Trafficking memang sutu kegiatan yang memberikan keuntungan dan omzet yang sangat besar bagi setiap pelakunya. Uang yang berputar dalam kegiatan ini mencapai milyaran dollar pertahunnya. Amerika Sarikat, dalam hal ini tetap menjadi primadonanya bagi setiap aktifitas trafficking, setiap tahun ada sekitar 50.000 oarng yang melakukan lintas batas untuk masuk ke AS. Korban terbesar trafficking berasal dari Asia, yakni 225.000 orang dari Asia Tenggara, 115.000 dari Asia Selatan, Sedangka dari bekas Sovyet ada sekitar 100.000 orang dan dari Eropa Timur sekitar 75.000 orang.
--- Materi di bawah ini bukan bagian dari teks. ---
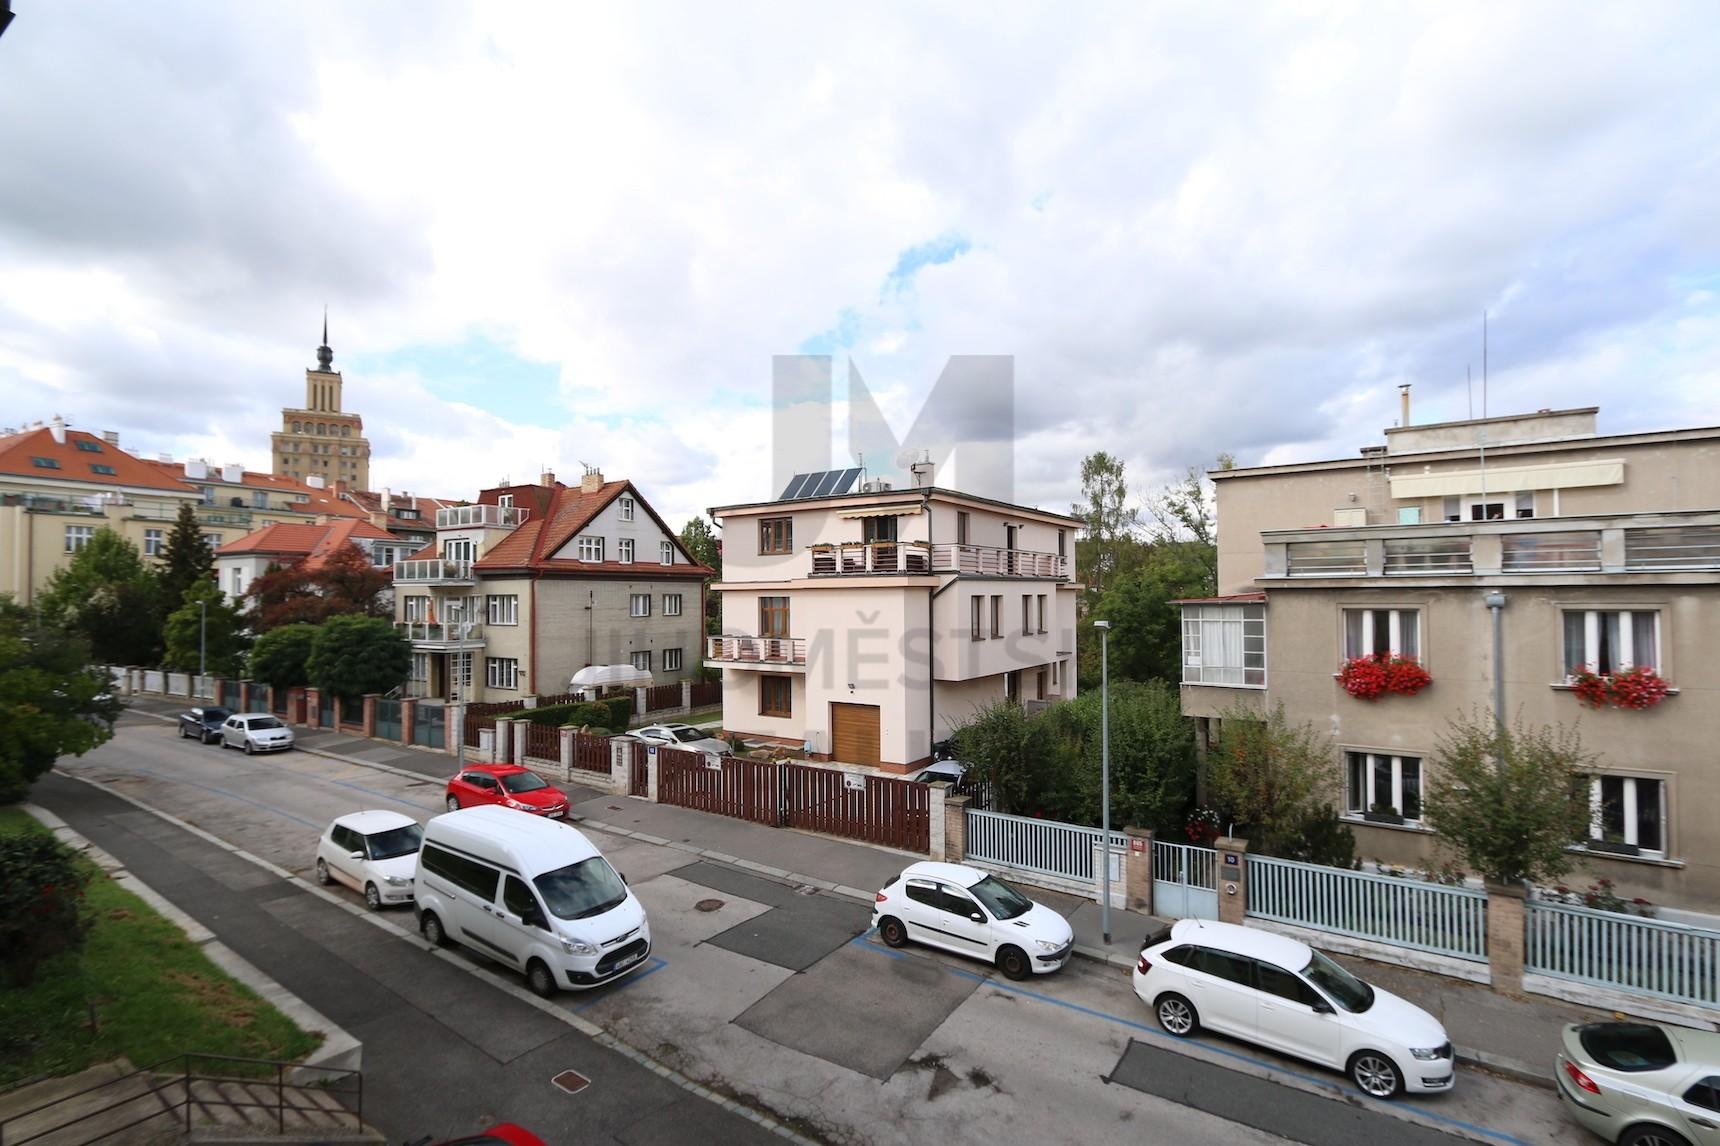 PRODEJ BYTU 3+1 S LODŽIÍ A GAR. STÁNÍM, Čínská, Praha 6 - Bubeneč
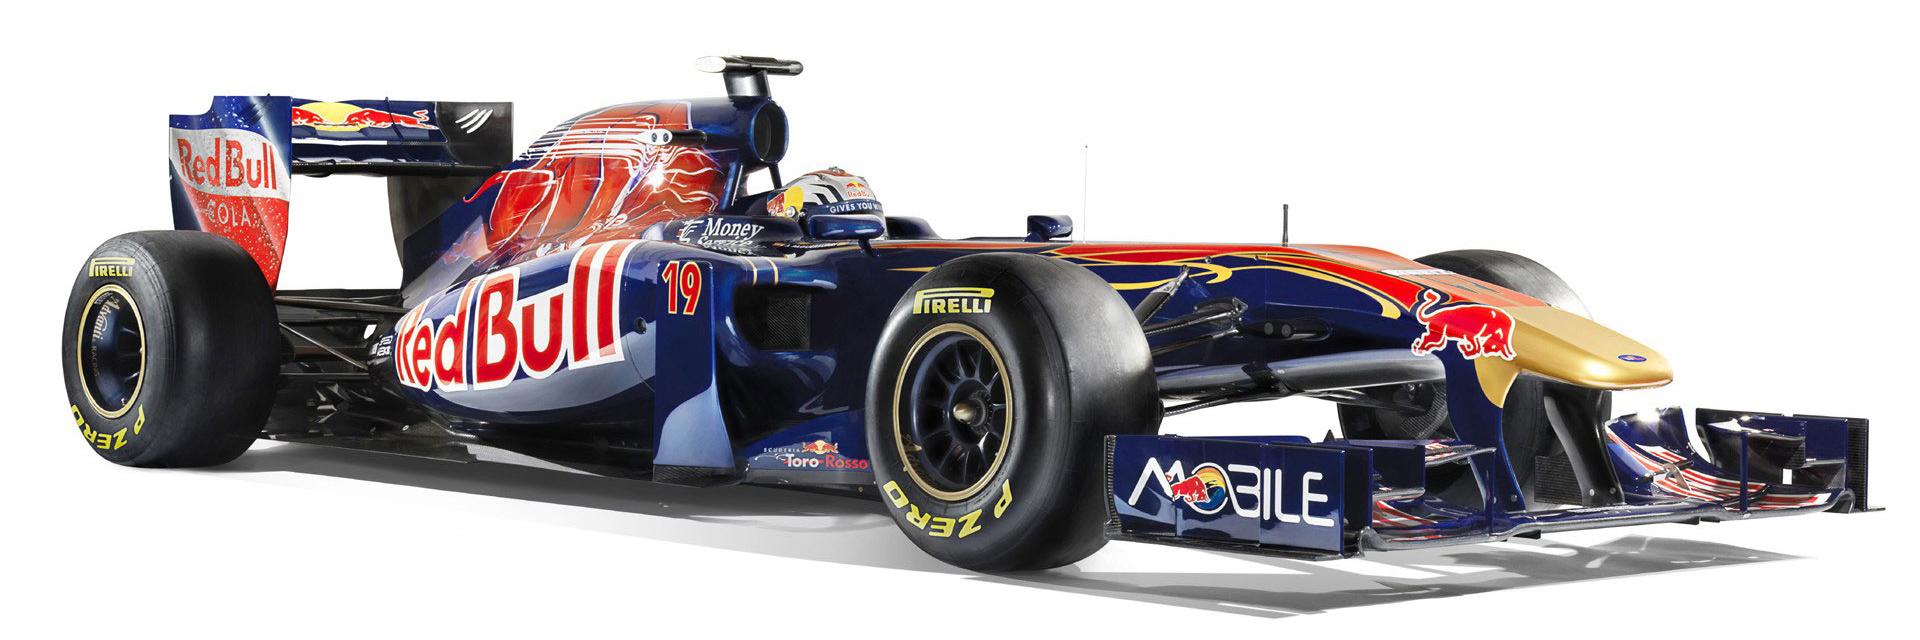 formula 1 sponsorship toro rosso

Sebenarnya masih banyak lagi yang mesti diteliti dan dicermati untuk mengungkap segi –segi lain dari perdagangan manusia untuk melengkapi isi buku “Perdagangan Anak di Indonsia “ini. Sesuai dengan konvensi ILO No.182 yang telah diratifikasi oleh pemerintah RI. Tercantum larangan untuk tidak memperkerjakan anak kondisi-kondisi yang berbahaya seperti pada sektor-sektor pertambangan , industri,kimia, tempat pembuangan sampah, atau sebagai serdadu anak.

Buku ini jelas sangat bermanfaat bagi masyarakat, dan bagi semua pihak yang peduli terhadap penanganan masalah anak, juga bagi para akademi, eksekutif dan anggota DPR. Oleh karena itu akan lebih baik dan mempunyai jangkauan yang lebih luas apabila pihak ILO sabagai sponsor buku ini dapat mendistribusikannya melalui toko-toko buku dengan melakukan penjualan langsung kepada masyarakat.